2010-04-29 Thread Discrete Dreamscape
Users could then assume all unlisted viewers are safe enough for use, which
is far more misleading than assuming a specific few are safe. A few who are
both known and have contact information on file, no less. If they don't make
this assumption, an action which any smart user should choose, then in
general no third party viewers would be trusted and used.

If you want a blacklist, there's already an informal one at
http://onyx.modularsystems.sl/viewer_reference.html .

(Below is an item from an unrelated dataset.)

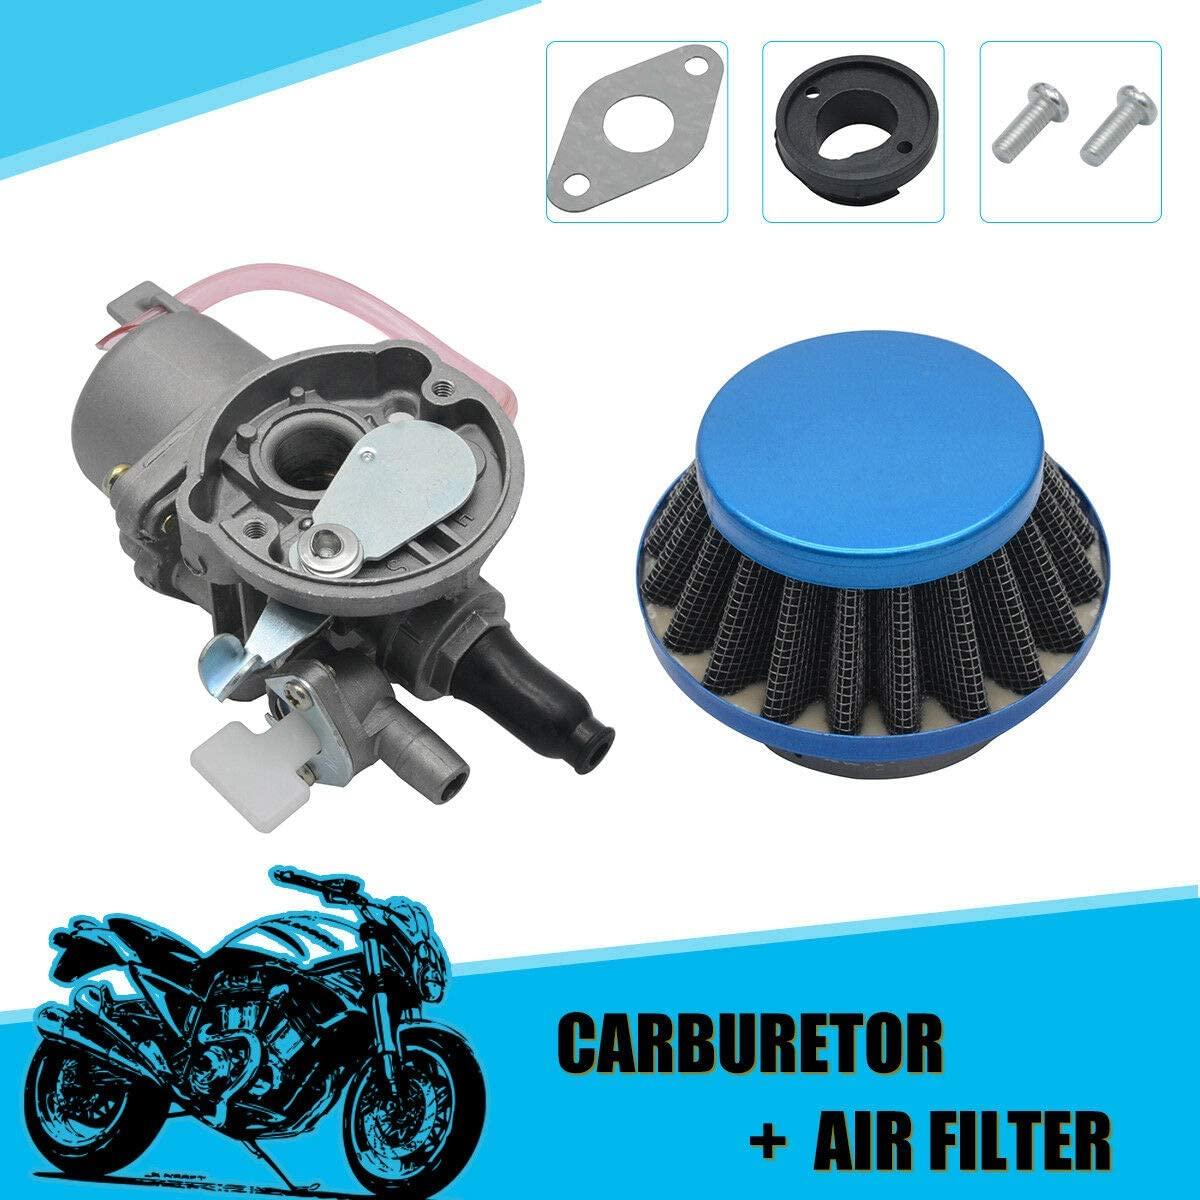 MASO Carburetor Carb + Air Filter 47cc 49cc Mini Motor ATV Quad Dirt Pocket Bike (Bule)

On Thu, Apr 29, 2010 at 2:09 PM, Henri Beauchamp sl...@free.fr wrote:

 On Thu, 29 Apr 2010 14:04:21 -0400, Discrete Dreamscape wrote:

  A list of trusted entities is virtually always more robust and reliable
 than
  a list of untrusted ones.

 This would be only true if LL was to *guarantee* that the listed viewer
 can *actually* be trusted, which is *not* the case with the current
 implementation of teh TPV directory.

  Weigh the two possibilities that would occur and their consequences,
 given
  that the user is making assumptions, as you say:
  - User believes viewers ON the whitelist are the ONLY ones that can be
 used
  - User believes viewers NOT on the blacklist can ALL be used
 
  The latter is clearly not a situation that benefits users in any way.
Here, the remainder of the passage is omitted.